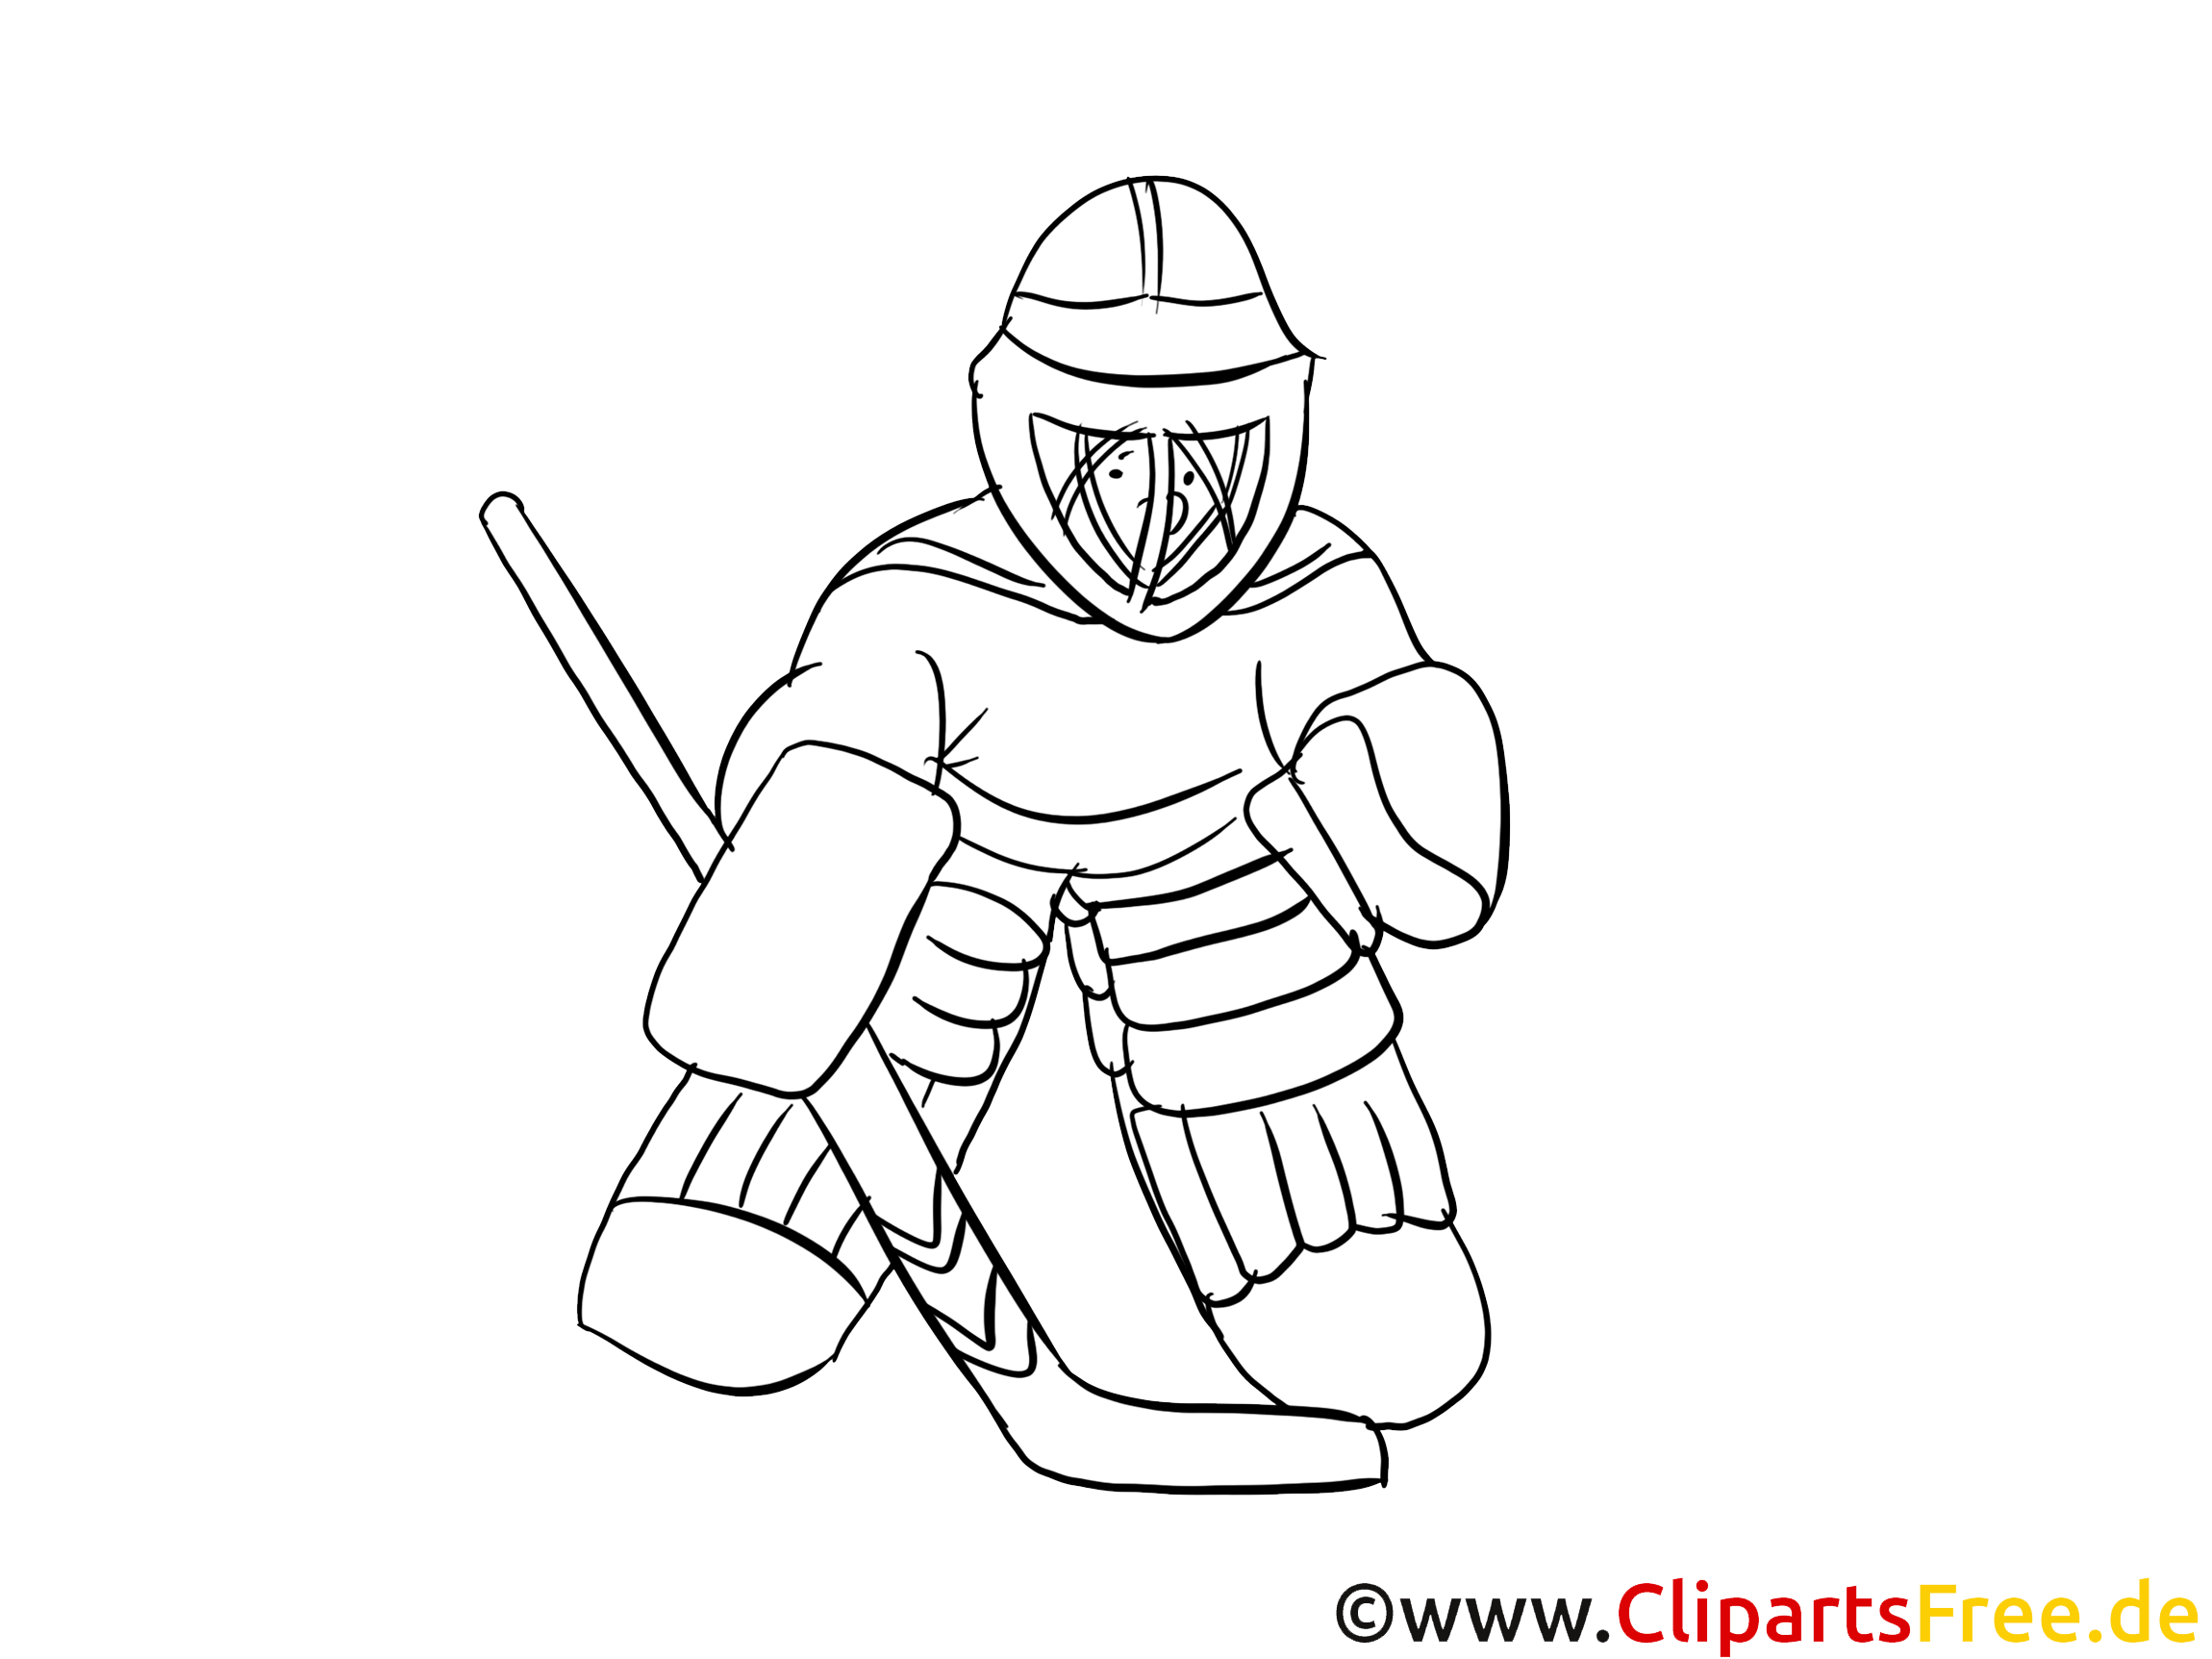 Gardien cliparts gratuis – Hockey à imprimer
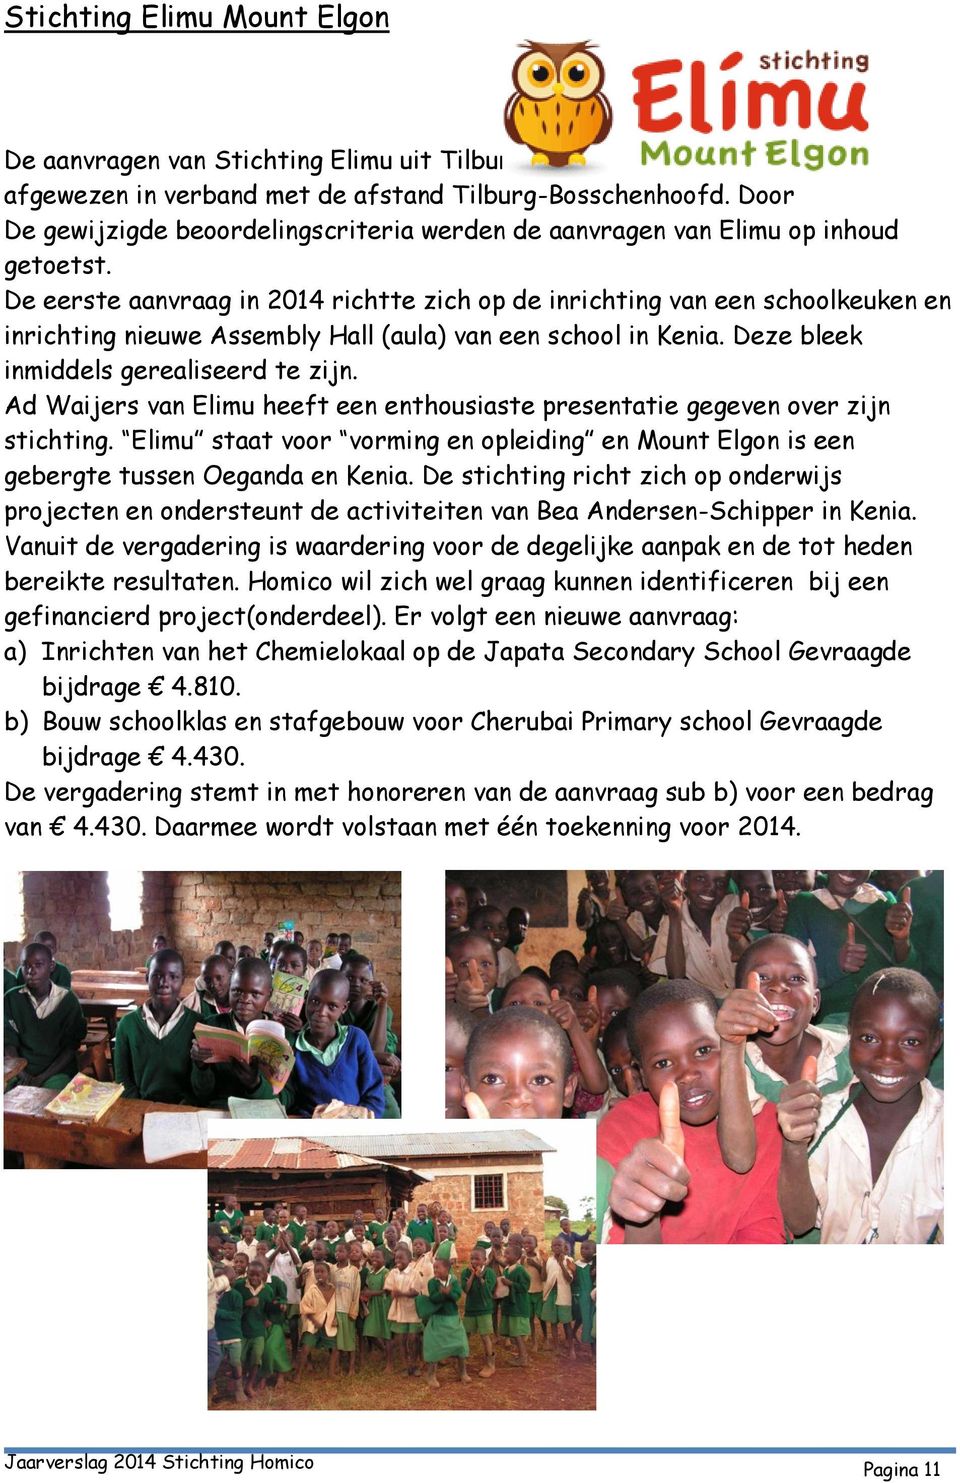 De eerste aanvraag in 2014 richtte zich op de inrichting van een schoolkeuken en inrichting nieuwe Assembly Hall (aula) van een school in Kenia. Deze bleek inmiddels gerealiseerd te zijn.
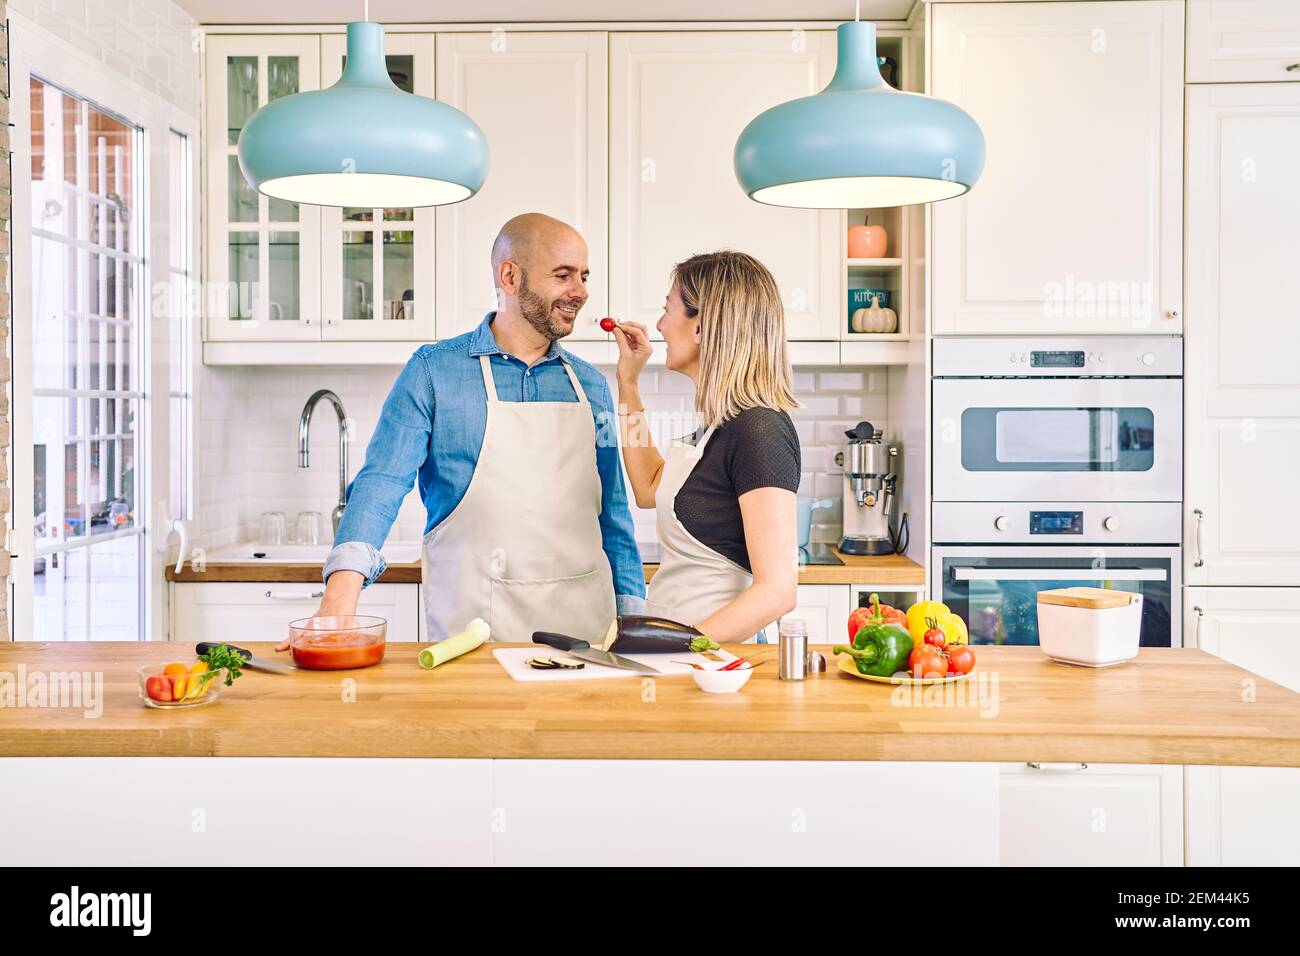 Una giovane coppia felice sta gustando e preparando un pasto sano nella loro cucina. Gli offre un pomodoro. Foto Stock

◆ ◆ ◆

- WORK INSTRUCTIONS
Write out the data above exactly as it appears, but without any image.

- ANSWER FOR THE TASK
 Gardien cliparts gratuis – Hockey à imprimer
 De eerste aanvraag in 2014 richtte zich op de inrichting van een schoolkeuken en inrichting nieuwe Assembly Hall (aula) van een school in Kenia. Deze bleek inmiddels gerealiseerd te zijn.
 Una giovane coppia felice sta gustando e preparando un pasto sano nella loro cucina. Gli offre un pomodoro. Foto Stock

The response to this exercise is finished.